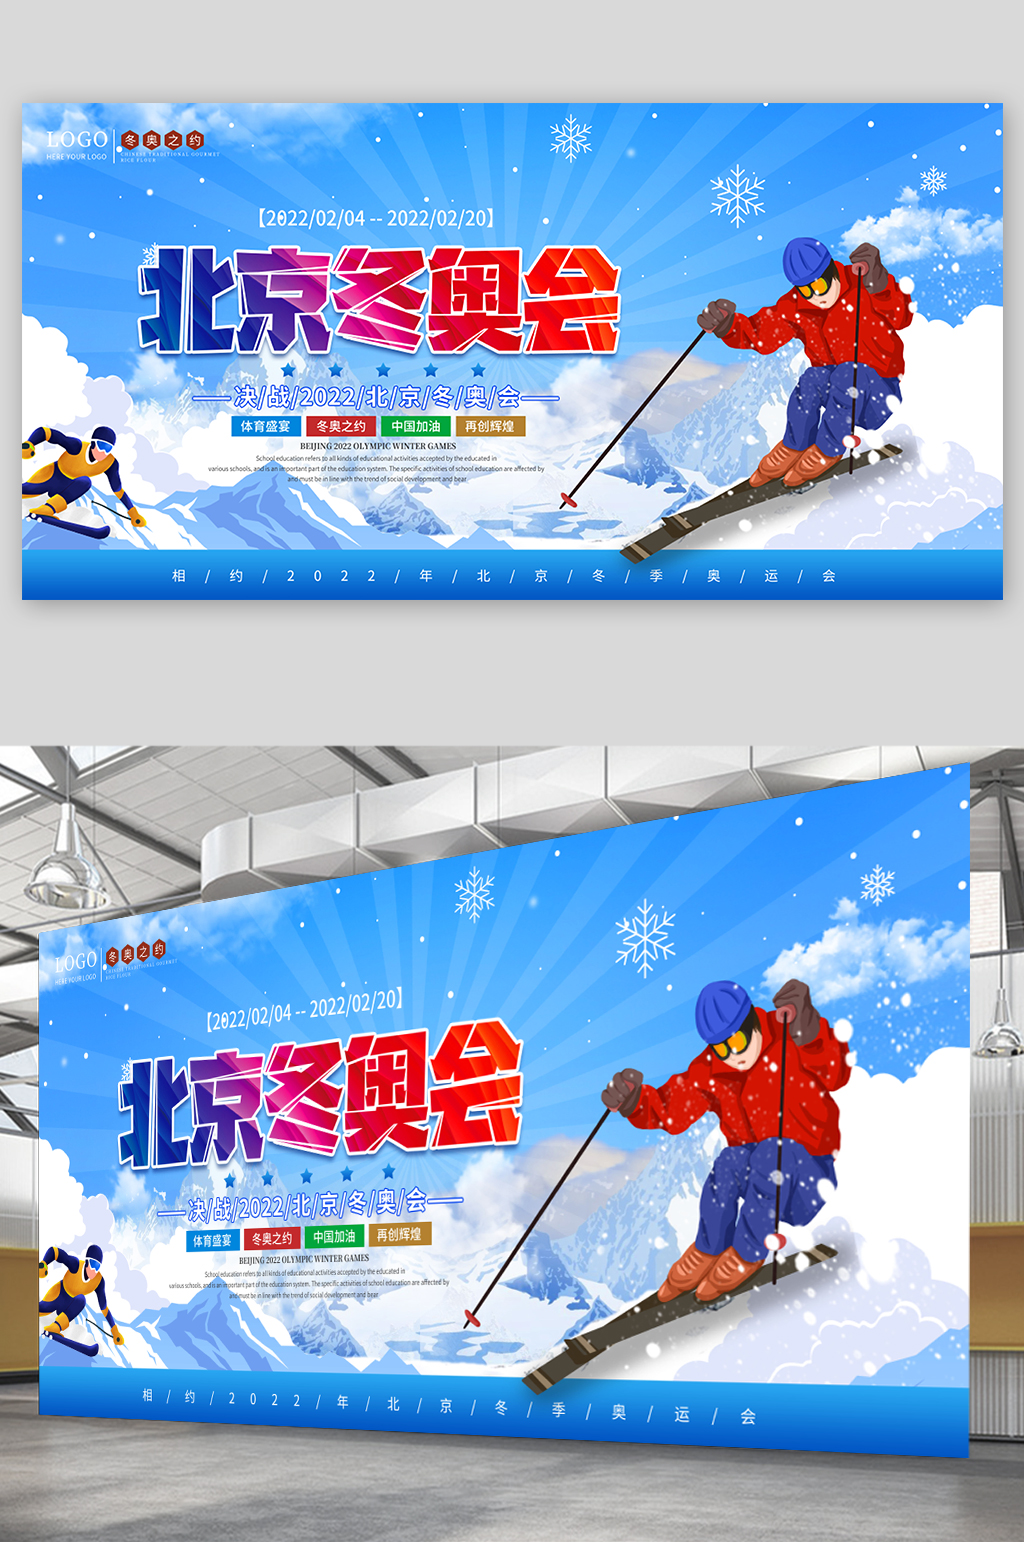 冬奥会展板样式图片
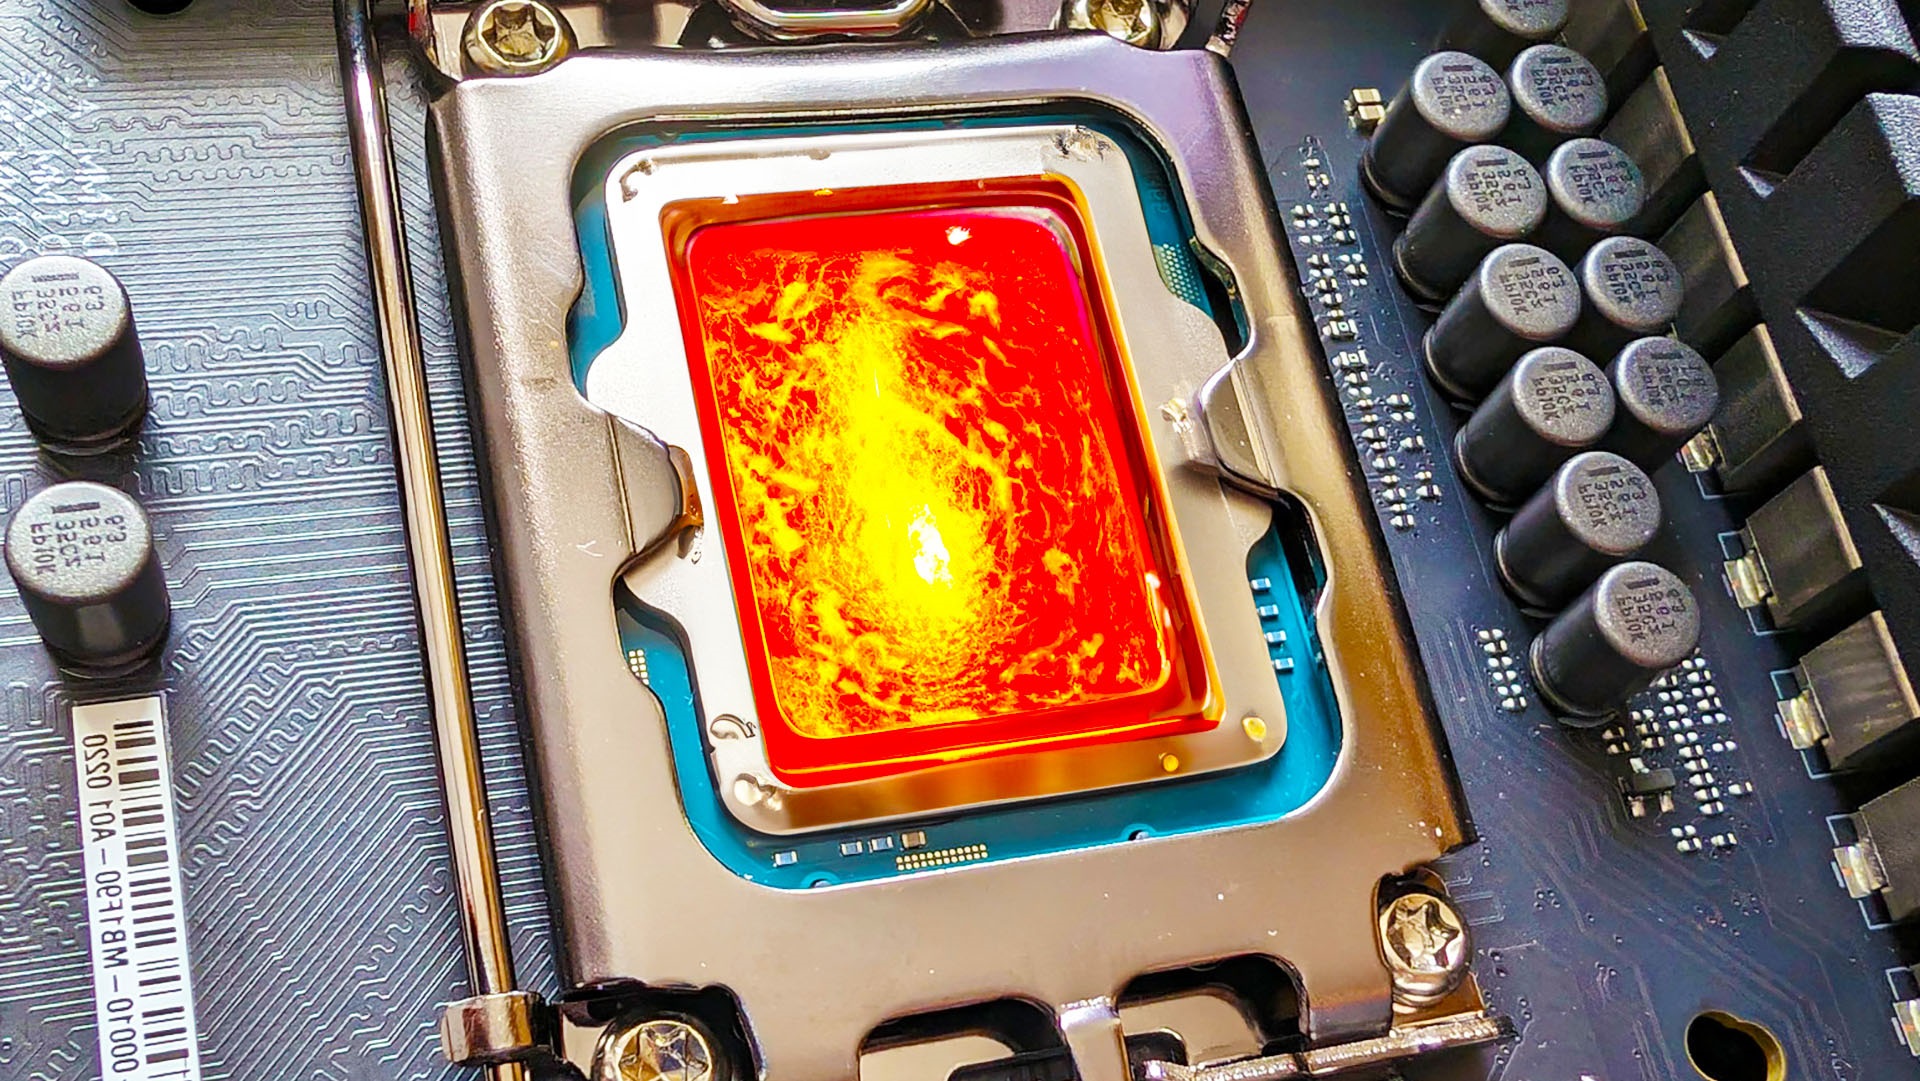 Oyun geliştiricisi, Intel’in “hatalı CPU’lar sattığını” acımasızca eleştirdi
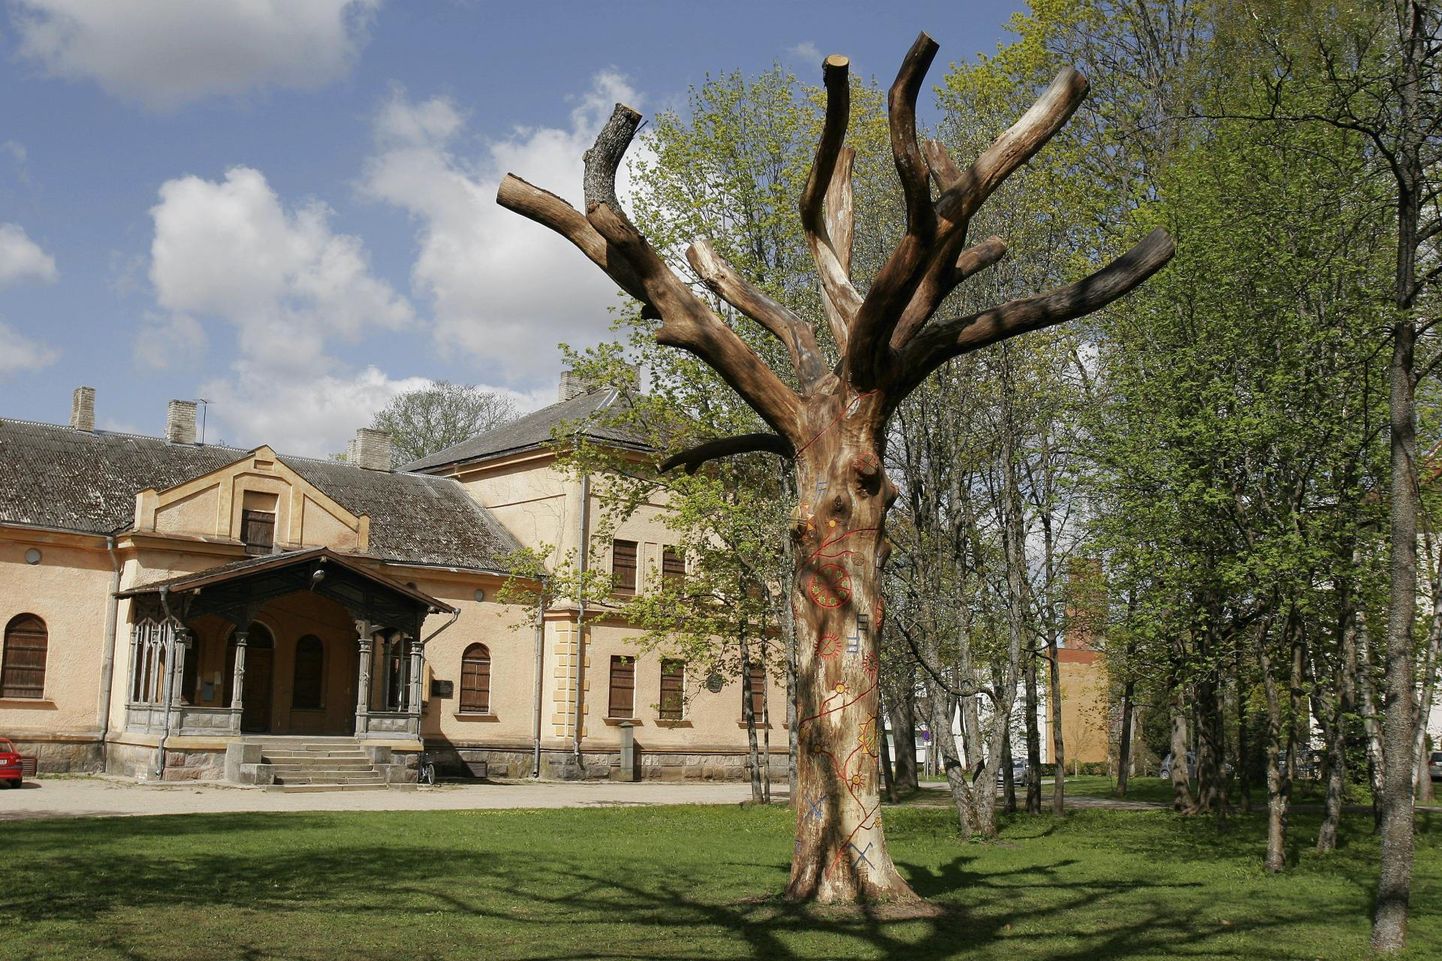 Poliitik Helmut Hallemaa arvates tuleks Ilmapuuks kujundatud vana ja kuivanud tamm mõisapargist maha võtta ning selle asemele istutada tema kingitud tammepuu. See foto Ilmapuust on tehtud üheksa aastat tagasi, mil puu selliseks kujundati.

○ ○ ○ ○ ○ ○ ○

> **Assigned task**: Would you retype each line above exactly and skip every image?

> **Worked solution**:
 冬奥会展板样式图片
 Oyun geliştiricisi, Intel’in “hatalı CPU’lar sattığını” acımasızca eleştirdi
 Poliitik Helmut Hallemaa arvates tuleks Ilmapuuks kujundatud vana ja kuivanud tamm mõisapargist maha võtta ning selle asemele istutada tema kingitud tammepuu. See foto Ilmapuust on tehtud üheksa aastat tagasi, mil puu selliseks kujundati.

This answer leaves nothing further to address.